## ASSIGNMENT:
Extract the lines beginning at the one that holds "Food waste bins" and ending at the final line of the material below, keeping them exact and leaving out all pictures.

## DATASET EXCERPT:
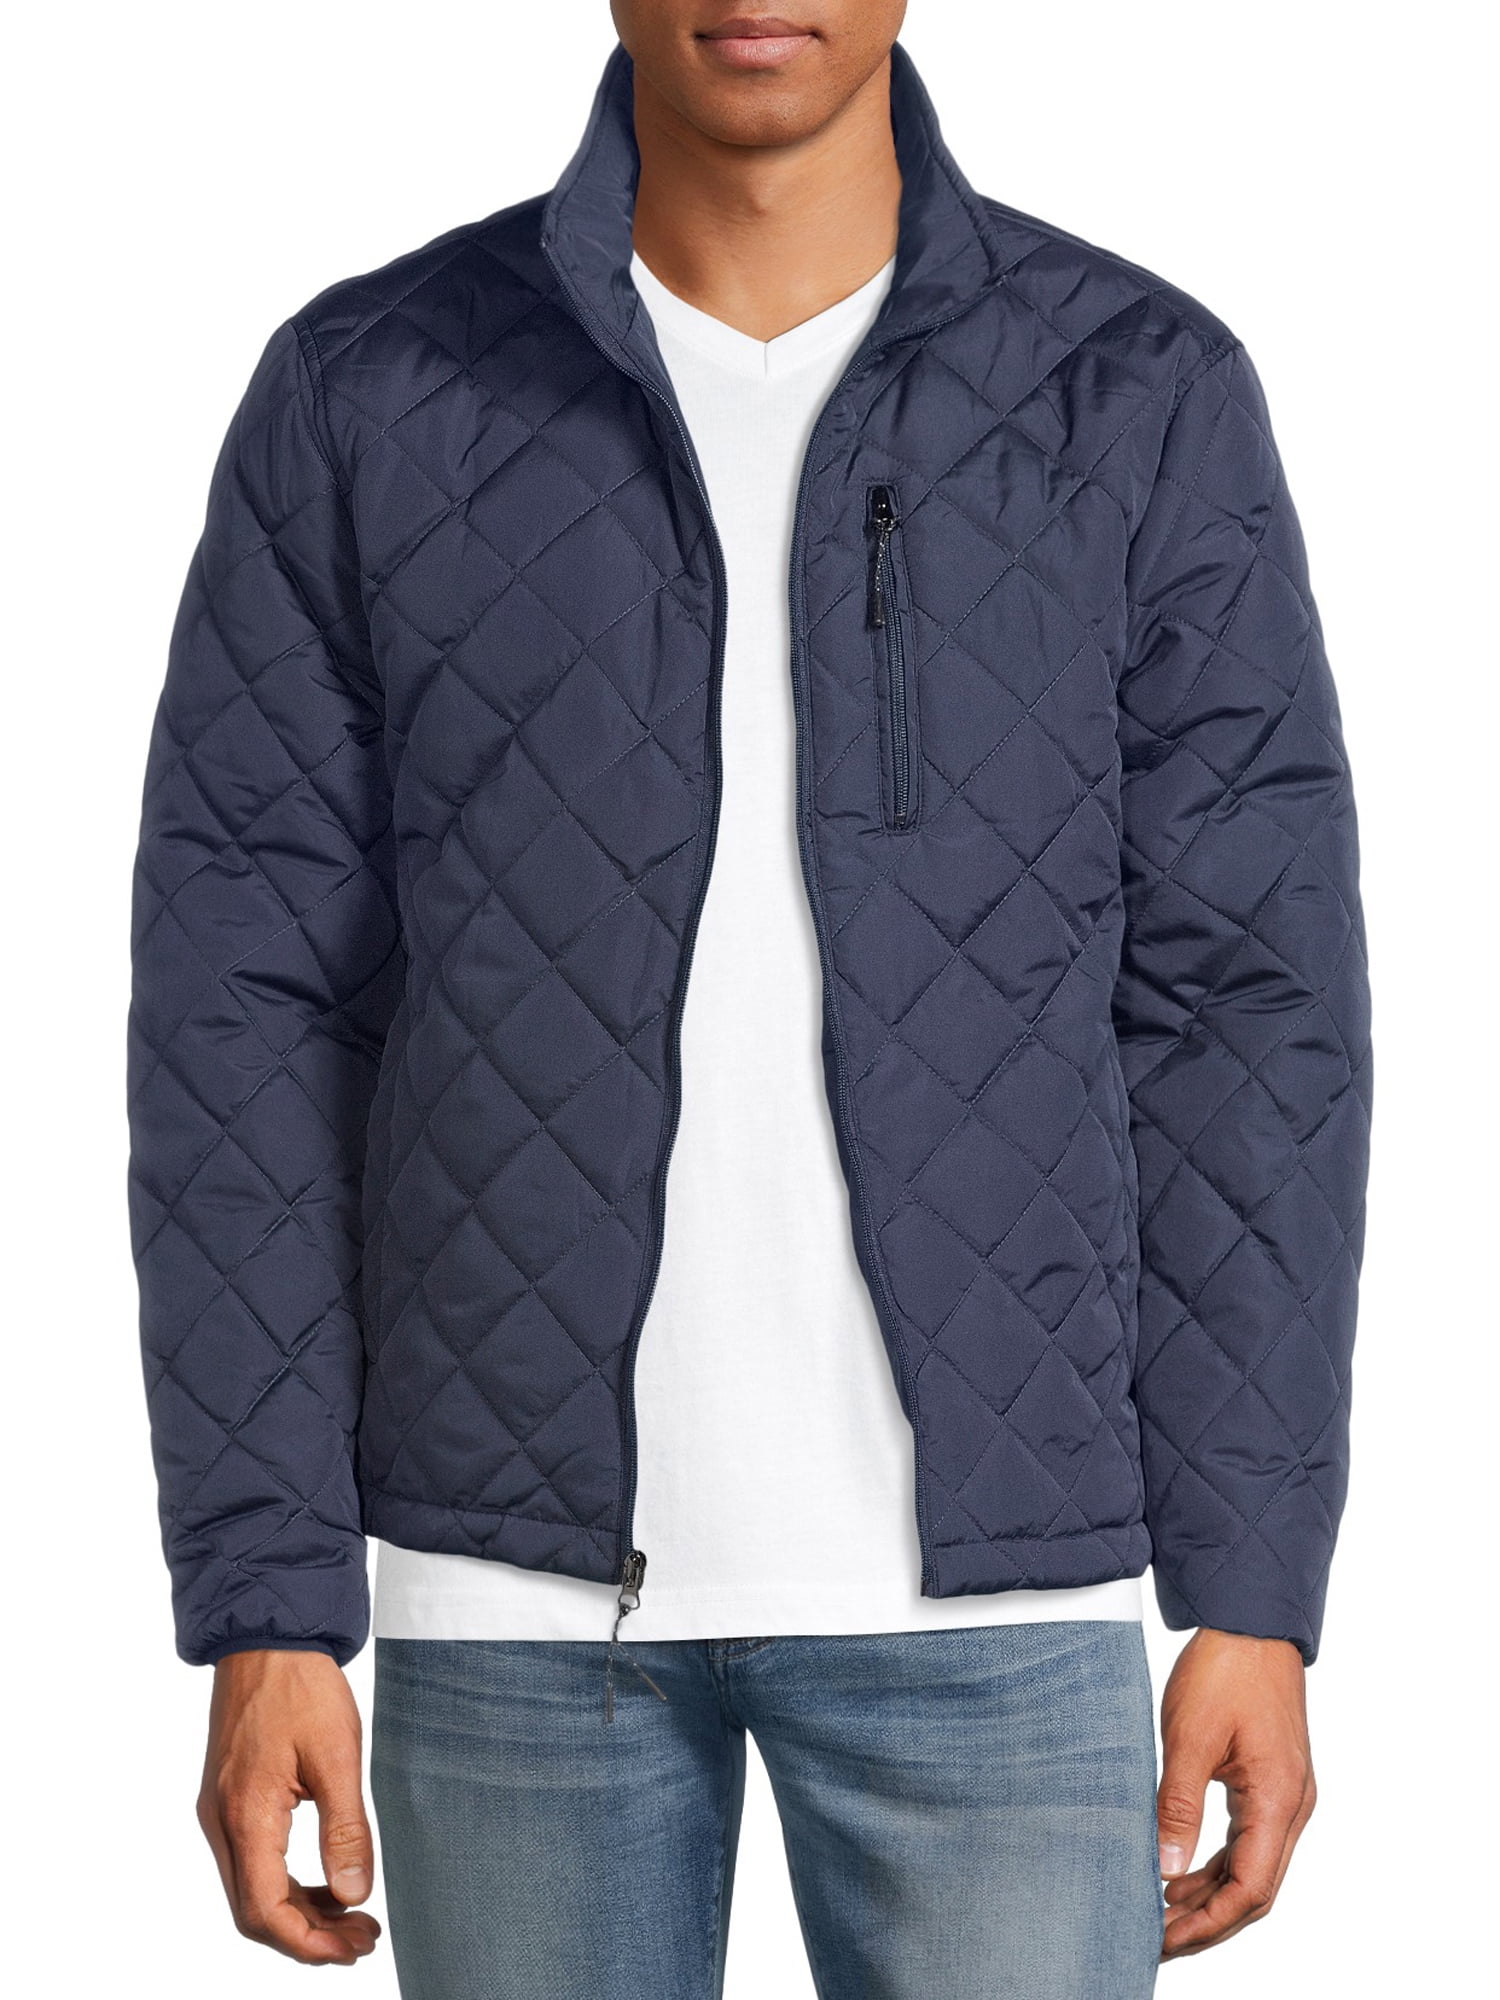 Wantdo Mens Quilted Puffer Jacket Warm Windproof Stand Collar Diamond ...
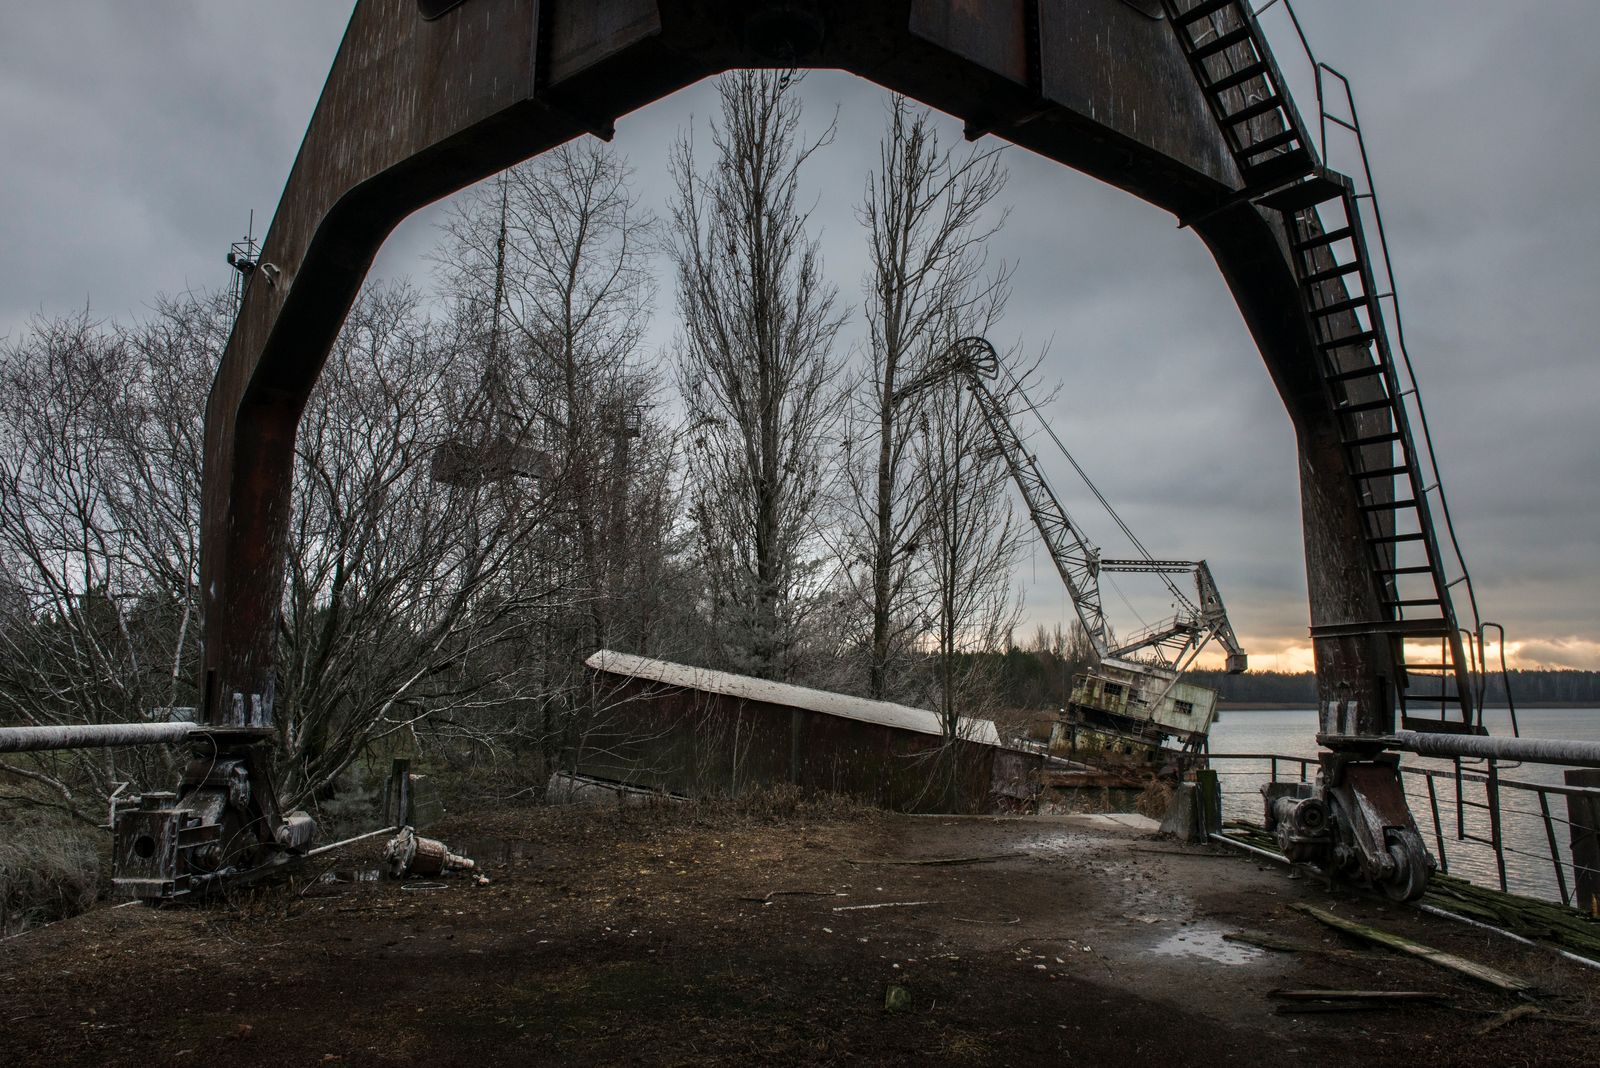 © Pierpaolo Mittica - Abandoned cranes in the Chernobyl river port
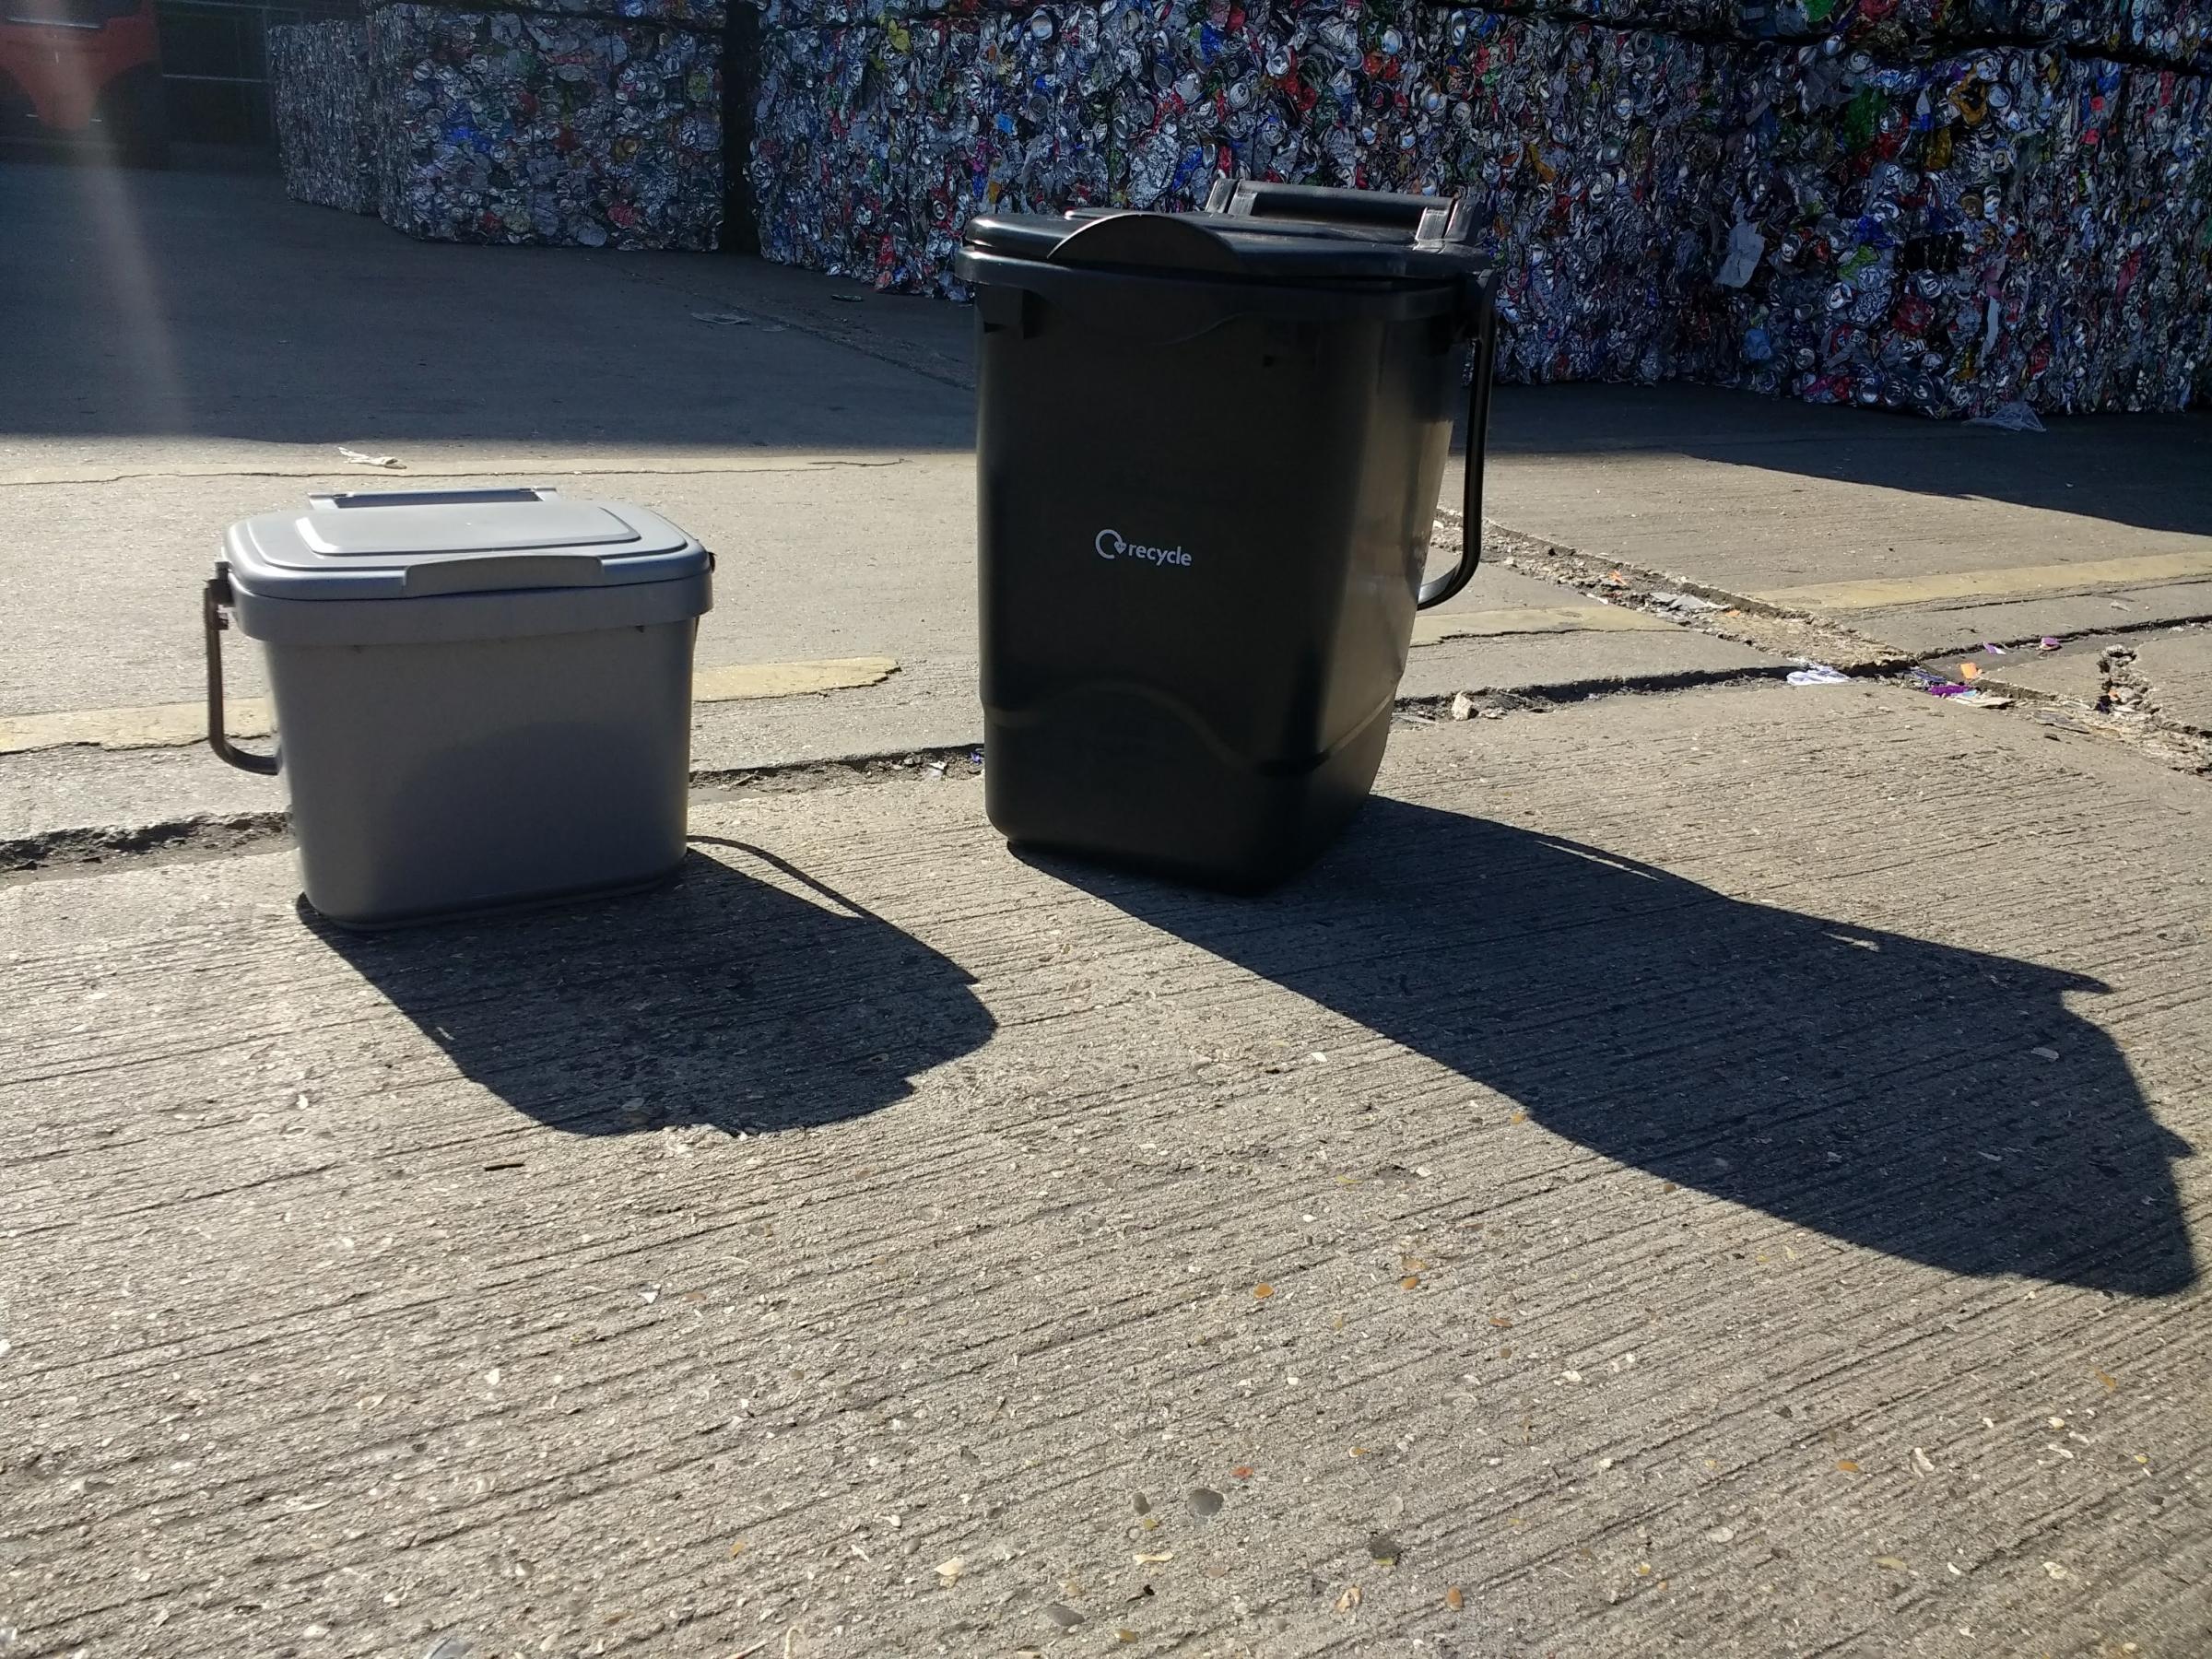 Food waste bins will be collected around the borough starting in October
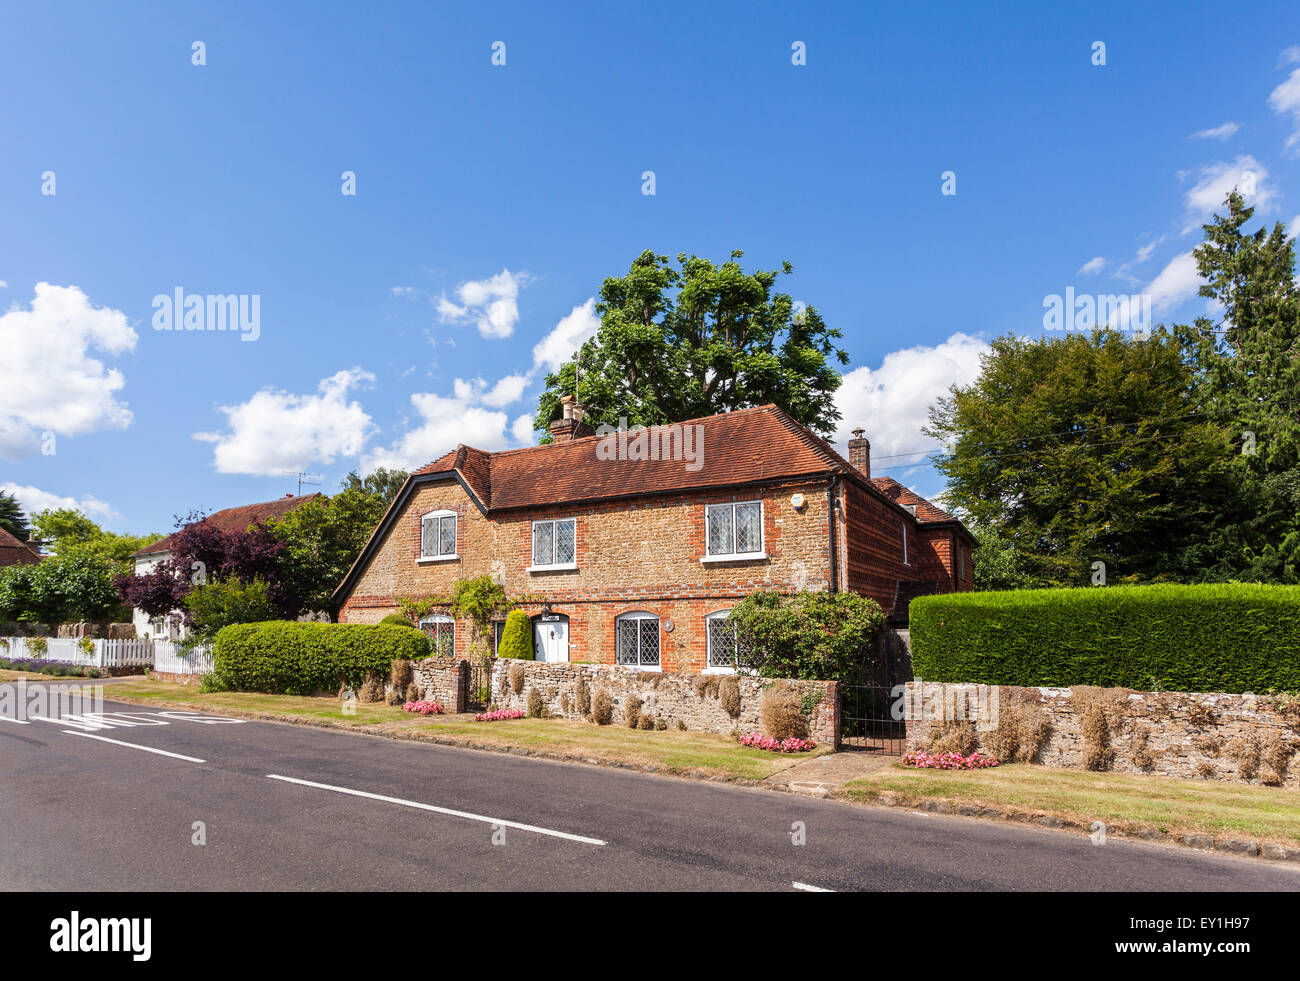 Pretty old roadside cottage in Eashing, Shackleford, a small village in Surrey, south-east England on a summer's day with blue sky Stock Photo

## REPLY TO THE EXERCISE:
 Food waste bins will be collected around the borough starting in October
 Pretty old roadside cottage in Eashing, Shackleford, a small village in Surrey, south-east England on a summer's day with blue sky Stock Photo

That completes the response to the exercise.